- DVD cover of Android Music Videos Volume 1
- Produced by: John Bergeron
- Starring: Tara the Android
- Distributed by: YouTube
- Release date: December 26, 2004;
- Running time: 3 minutes (full 15 minutes)
- Language: English

= I Feel Fantastic =

2004 surrealist viral video

"I Feel Fantastic" is a surrealist music video and viral video created by John Bergeron in 2004. It features a humanoid animatronic named Tara the Android, which Bergeron described as an attempt to create "the world's first pop star android". Bergeron produced the five-part video series to promote the animatronic, which was released on his website and also offered as a physical DVD titled "Android Music Videos Volume 1".

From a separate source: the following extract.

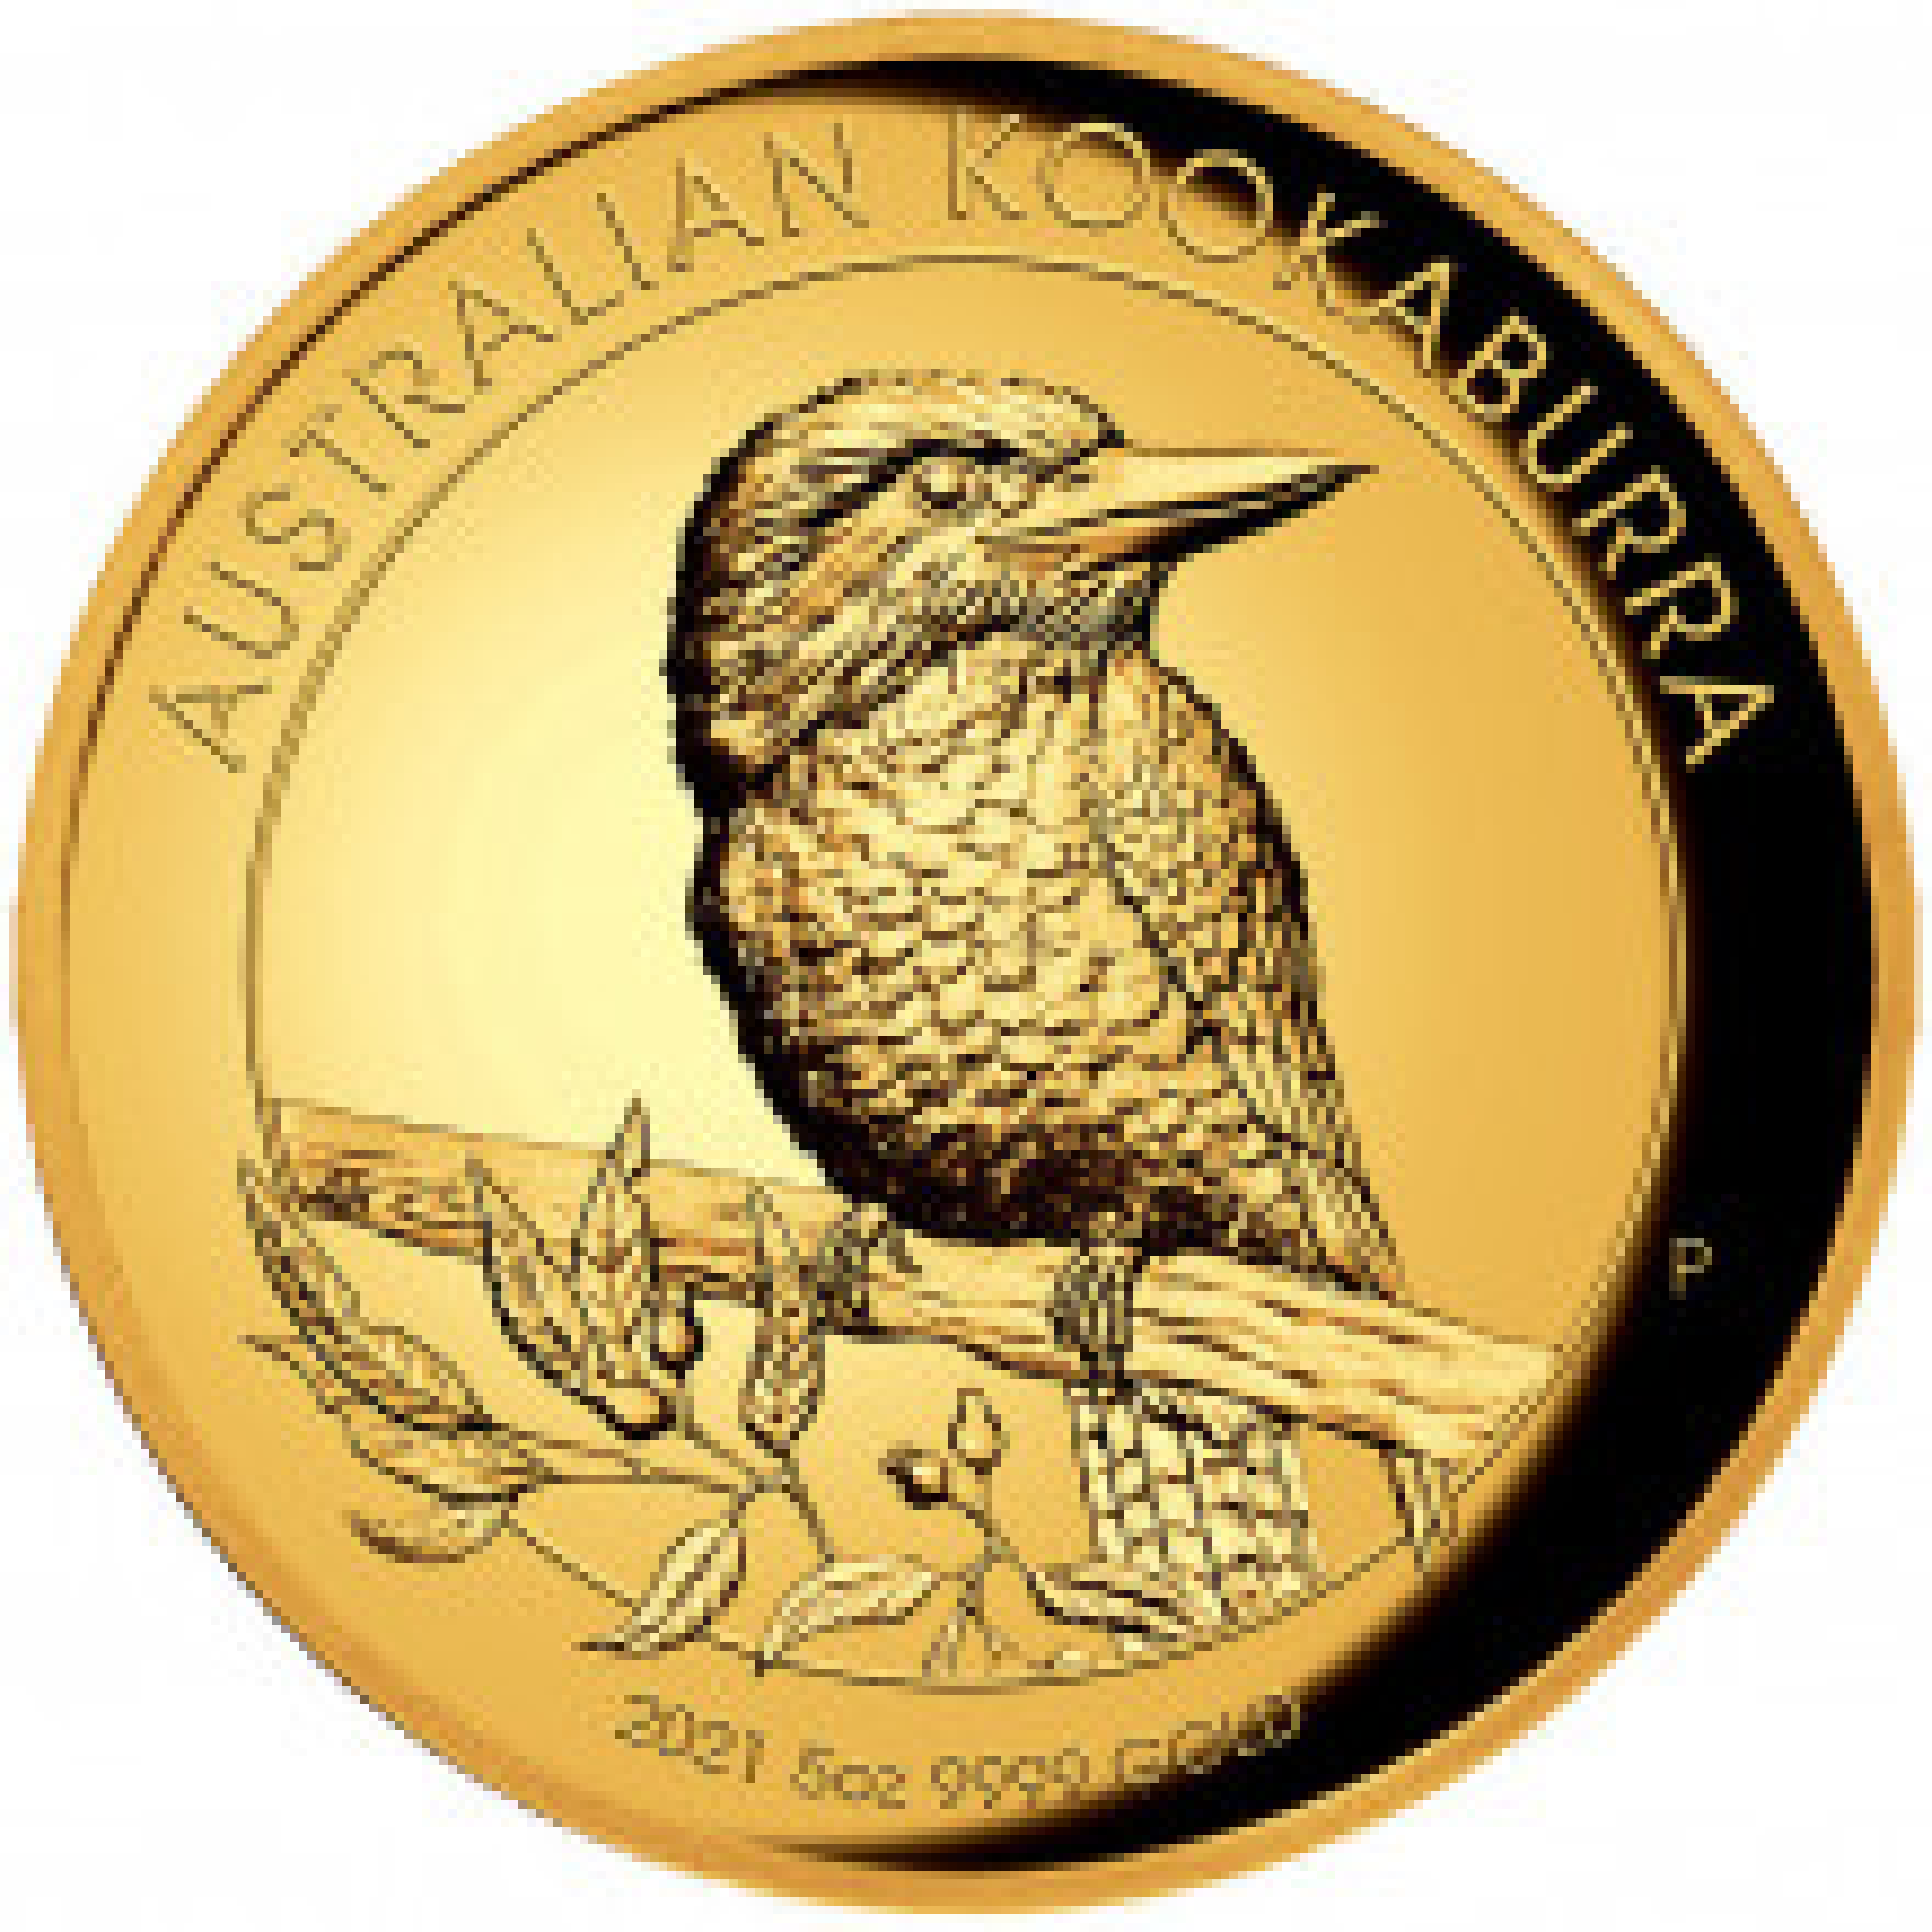 5 troy ounce gold coin Kookaburra 2021 Proof

One of the videos, titled Please, was re-uploaded to YouTube in 2009, by the user Creepyblog without context, under the title "I Feel Fantastic". It quickly gained popularity due its uncanny and creepy nature. It has been subject to Internet theories and commentary by YouTubers. The character Tara has since made unofficial cameo appearances in other media, such as Broadcast Signal Intrusion and Smiling Friends.

== Video ==
"I Feel Fantastic" begins with low-quality footage of an interior shot of the house, featuring an animatronic mannequin named "Tara the Android", dressed in a wig and women's clothing. She repeatedly sings the lines "I feel fantastic, hey hey hey", accompanied by an arpeggiated synth line, while jerking her arms and stiffly turning her head. Tara's wig and clothing change throughout the video. Later, there is an abrupt, cut to a shot of a backyard with woodlands scenery. The camera zooms in on the garden before returning to the house, where Tara continues to sing "I feel fantastic, hey hey hey".

== History ==
John Bergeron (Note: The AndroidWorld website states "John Bergeron", although most secondary sources list him as "Jon Bergeron".) built Tara from materials worth approximately $2,000 with the goal of marketing her as the "world's first android music star" and planned to take her act on the road for live shows. The animatronic stands at 5' 10" in height and consists of a metal skeleton and synthetic rubber for "skin". Later in 2004, Bergeron added an entity to the antiquated robot-builders information website "AndroidWorld.com", where he offered five downloadable music videos titled Electricity (Metal Version), Brutal Metal, Please, Electricity, and Brutal1. The website also included a DVD version titled "Android Music Videos Volume 1", a mixtape of all five video clips. Bergeron has not released any public updates since 2006.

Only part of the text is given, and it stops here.